● **Work instructions**: The records below hold a stretch from the line with "Almost to the weekend!! Hang in there!" through the line with "A view shows"; return exactly those lines, ends included, and nothing more.

● **Working data**:
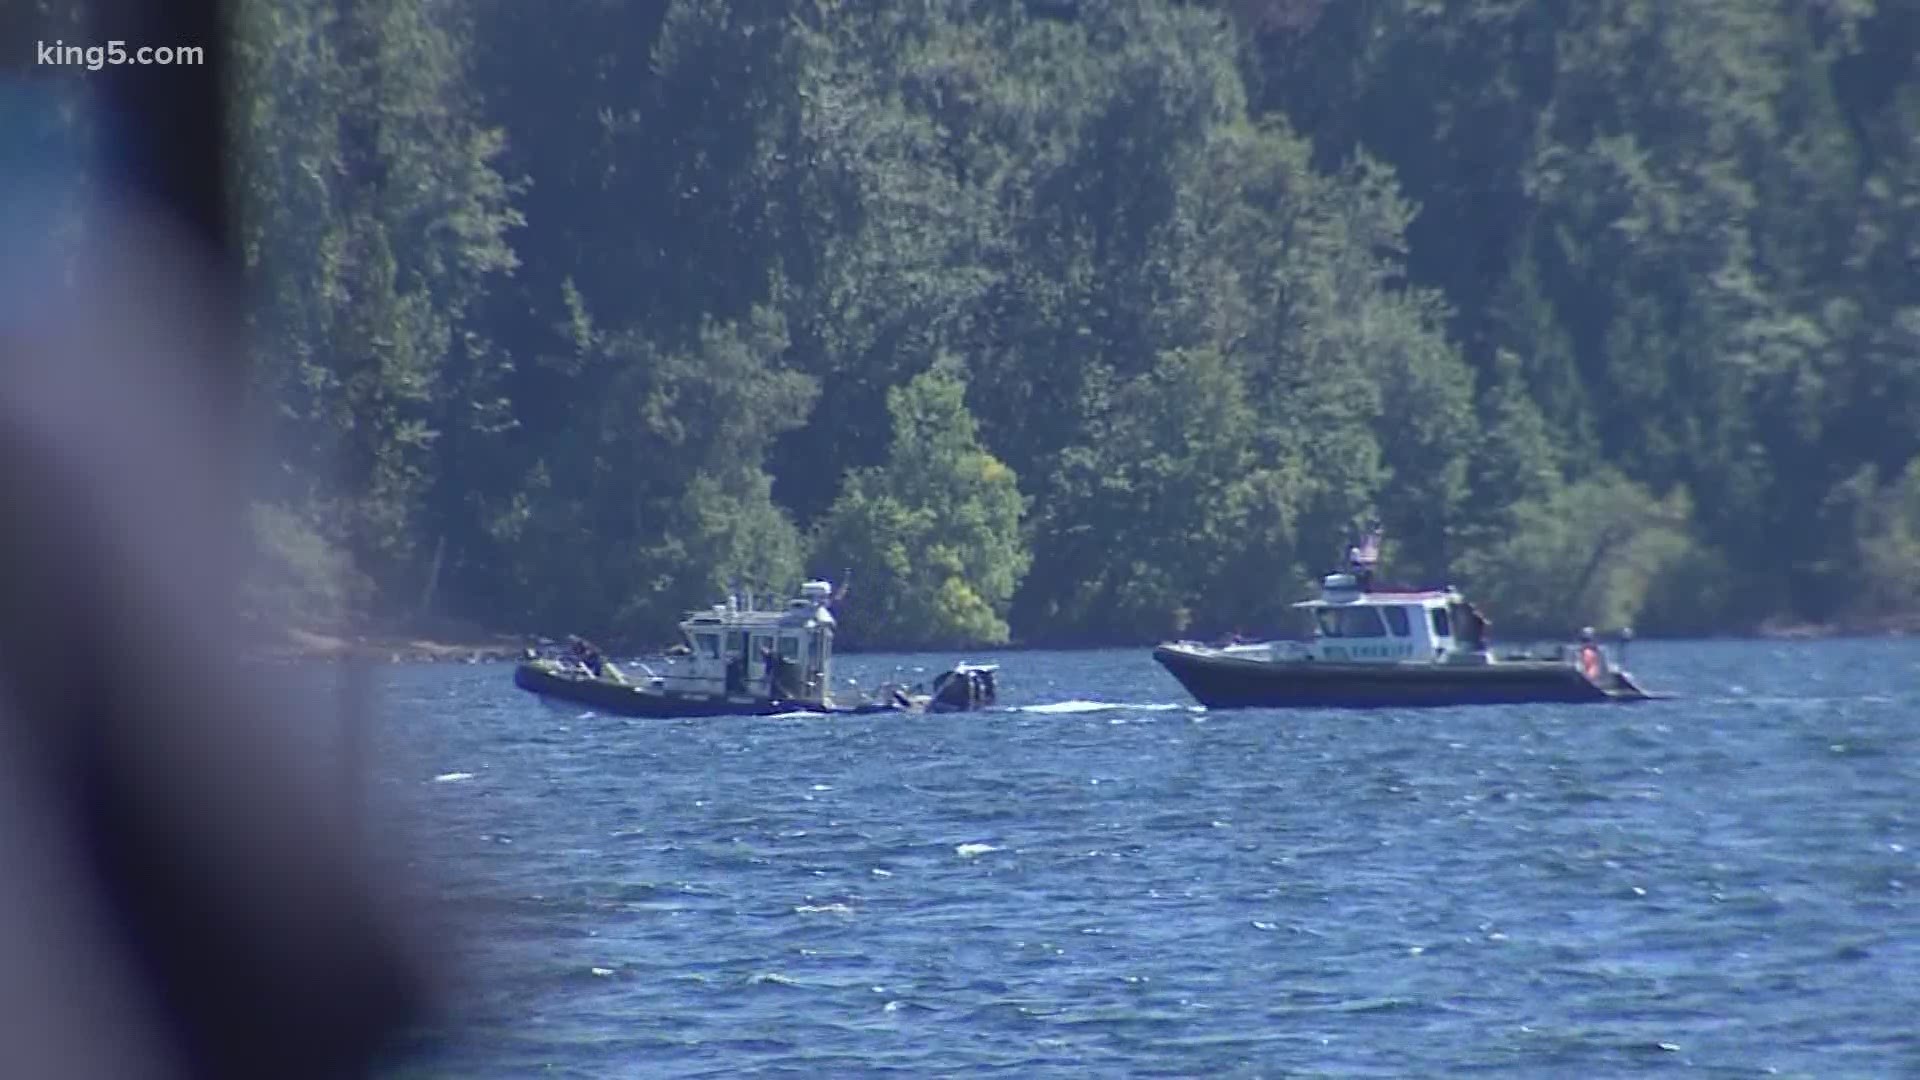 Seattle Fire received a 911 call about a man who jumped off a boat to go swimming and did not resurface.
* * *
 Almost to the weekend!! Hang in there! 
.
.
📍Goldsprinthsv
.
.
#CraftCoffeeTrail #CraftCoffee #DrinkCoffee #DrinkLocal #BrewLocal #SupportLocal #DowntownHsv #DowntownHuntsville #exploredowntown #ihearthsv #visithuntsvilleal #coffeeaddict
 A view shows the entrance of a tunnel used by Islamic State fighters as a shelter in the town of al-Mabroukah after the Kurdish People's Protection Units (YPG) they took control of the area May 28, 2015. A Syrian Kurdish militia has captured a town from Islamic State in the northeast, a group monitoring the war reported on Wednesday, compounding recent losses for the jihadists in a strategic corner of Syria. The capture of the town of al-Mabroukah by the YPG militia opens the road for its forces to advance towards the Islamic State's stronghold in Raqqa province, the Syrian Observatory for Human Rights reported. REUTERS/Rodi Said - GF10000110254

● **Result of the exercise**:
 Almost to the weekend!! Hang in there! 
.
.
📍Goldsprinthsv
.
.
#CraftCoffeeTrail #CraftCoffee #DrinkCoffee #DrinkLocal #BrewLocal #SupportLocal #DowntownHsv #DowntownHuntsville #exploredowntown #ihearthsv #visithuntsvilleal #coffeeaddict
 A view shows the entrance of a tunnel used by Islamic State fighters as a shelter in the town of al-Mabroukah after the Kurdish People's Protection Units (YPG) they took control of the area May 28, 2015. A Syrian Kurdish militia has captured a town from Islamic State in the northeast, a group monitoring the war reported on Wednesday, compounding recent losses for the jihadists in a strategic corner of Syria. The capture of the town of al-Mabroukah by the YPG militia opens the road for its forces to advance towards the Islamic State's stronghold in Raqqa province, the Syrian Observatory for Human Rights reported. REUTERS/Rodi Said - GF10000110254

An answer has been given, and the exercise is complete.